As an analysis tool, the guide’s sensemaking and
contributing actions reflect their understanding of the organization’s risk
tolerance. Any discrepancies here need to be examined. It is important to note
that a written risk tolerance statement serves little use if it conflicts with
the actual risk culture in the organization (its true risk tolerance). The
prevalence of a culture of safety (vs. production), where management chooses to
direct their attention and where money gets spent are all signals that the guide
interprets in their own understanding of risk tolerance.
4.2
Core process map
Ski areas or events that inadvertently host BC skiing raise interesting questions at this point. What kind of expectations were set up in advance? What messages were being communicated to potential participants? While the core process as envisioned here revolves around a commercial contract, a similar process can be imagined which generates social expectations or inadvertent duty of care.
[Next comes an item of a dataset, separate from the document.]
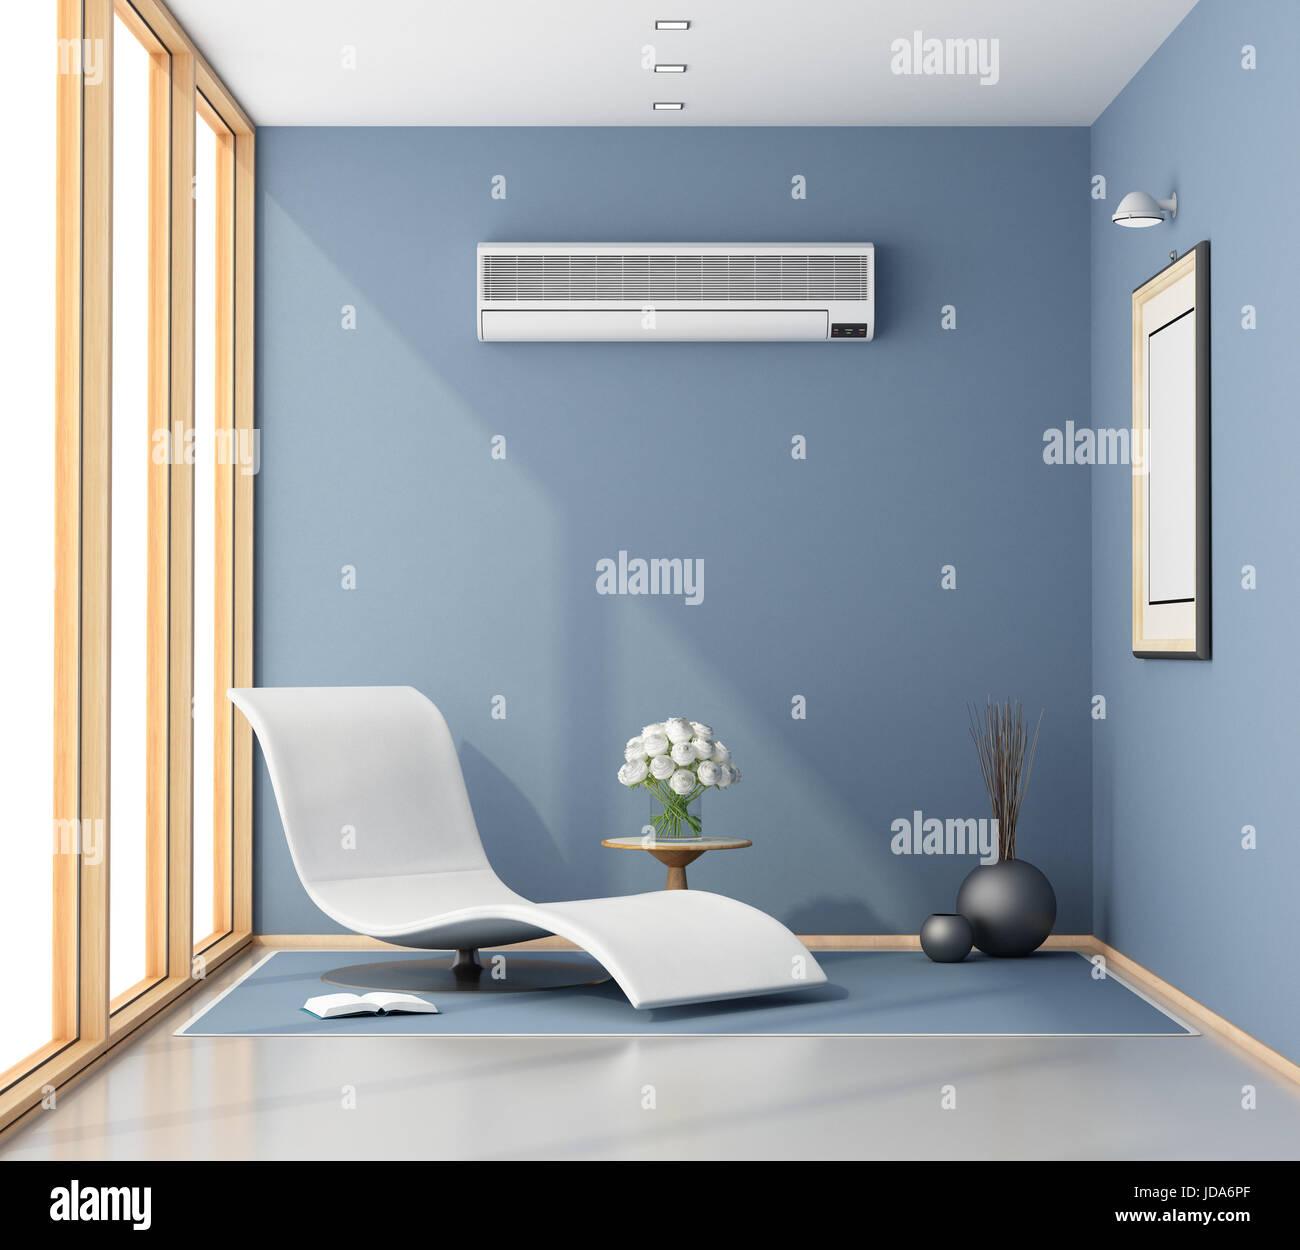 3d Rendering Blue Room Window Stockfotos & 3d Rendering Blue Room ...

Systems based risk management planning is organized around a core process; the central interactions that produce the programs, trips or services the organization offers (Figure 2). As it is the focal point of systems based planning, analyzing the core process map in detail looks for gaps, failures or inadequate system performance standards that may have created latent conditions. In effect, this asks the question ‘Did everything perform as it is supposed to?’. Answering no shows a clear break down, but even with the answer yes, there is a follow up question: Is the current vision of how it supposed to work good enough? ‘Good enough’ needs to be related to the organization’s risk tolerance, performance standards / expectations, sense of values, and industry standards. This continues by assessing the seven systems (below).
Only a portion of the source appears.